Collected data:
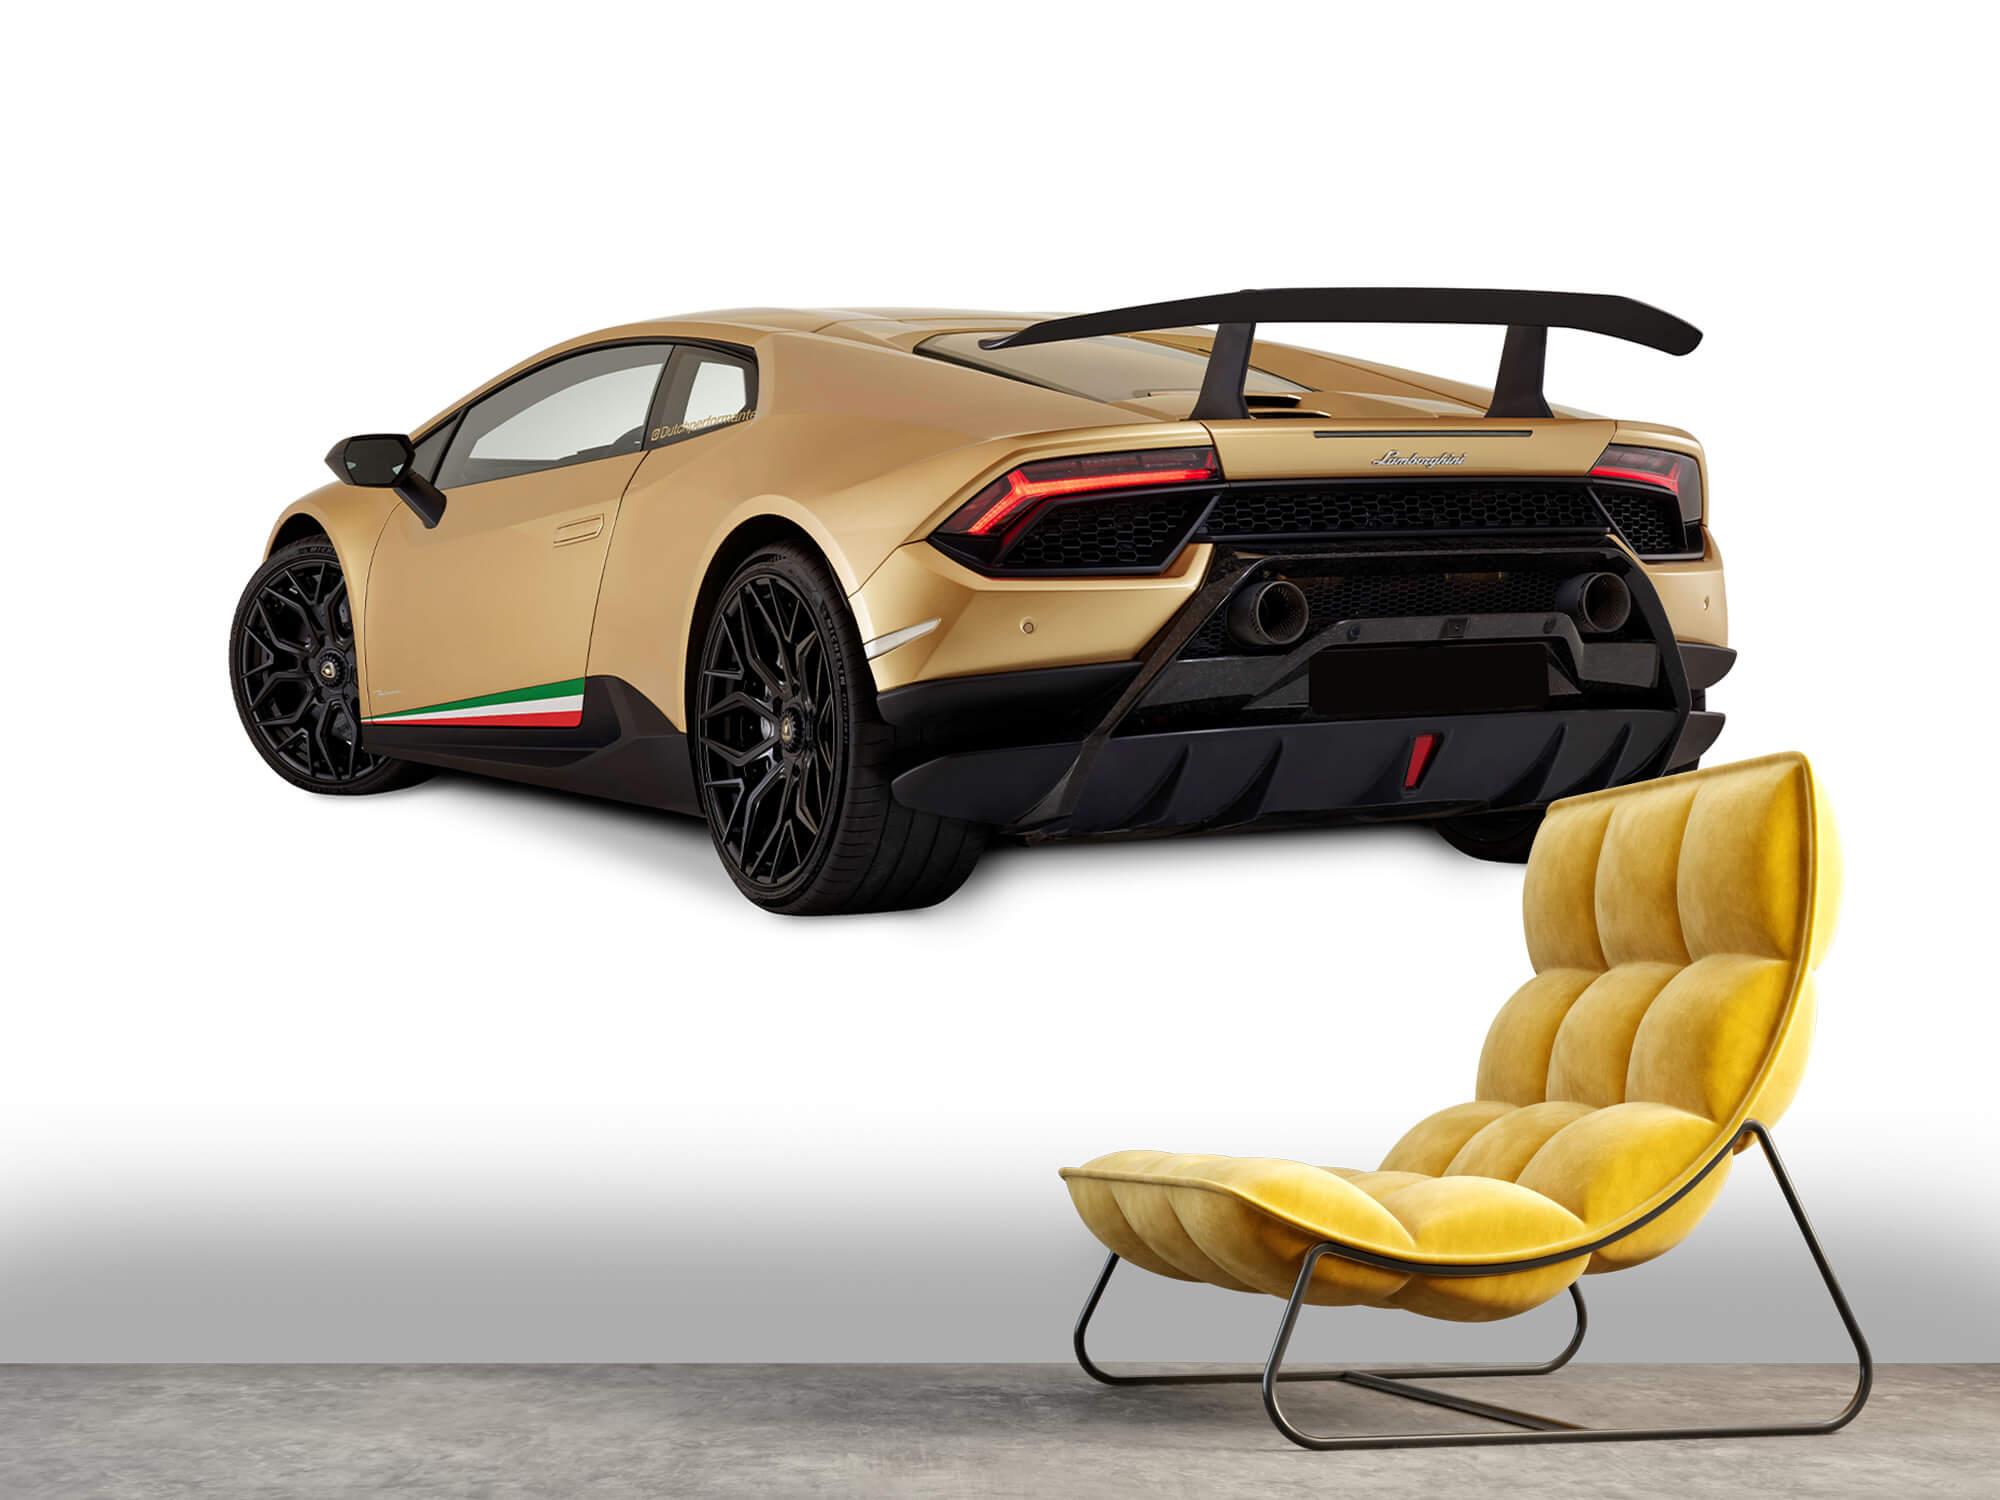 Wallpaper Lamborghini Huracán - Côté arrière gauche, blanc 11
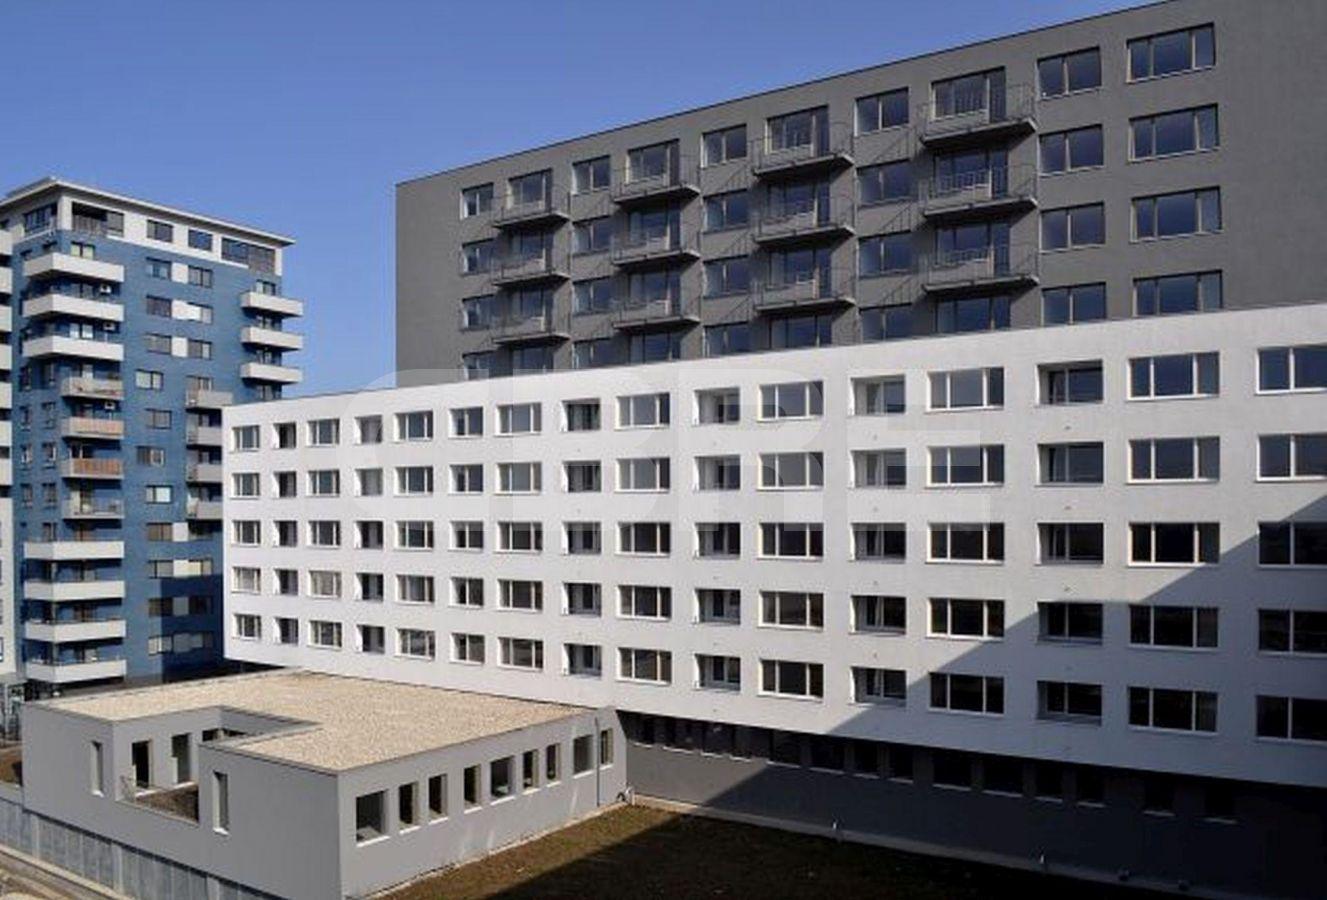 Solar, Bratislava - Petržalka | Offices for rent by CBRE | 2
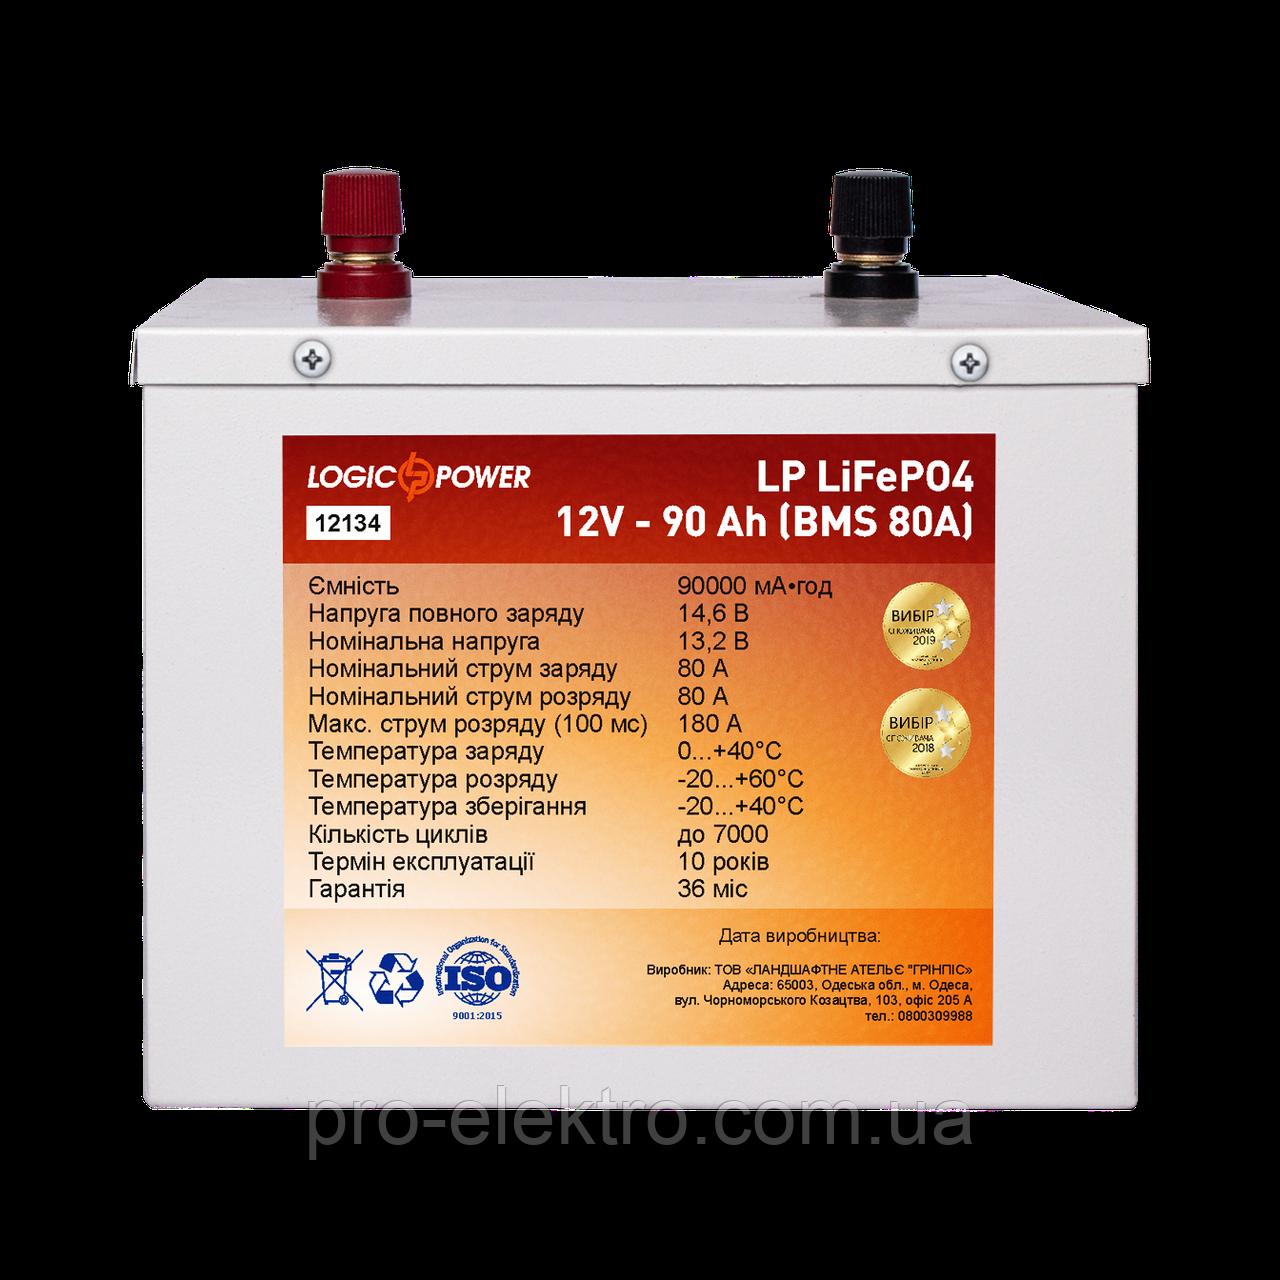 Аккумулятор LP LiFePO4 12V - 90 Ah (BMS 80A) металл

Directions: Counting the line with "Solar, Bratislava - Petržalka" and the last line of the data above, transcribe those two lines and every line between them exactly, without the pictures.

Response:
 Solar, Bratislava - Petržalka | Offices for rent by CBRE | 2
 Аккумулятор LP LiFePO4 12V - 90 Ah (BMS 80A) металл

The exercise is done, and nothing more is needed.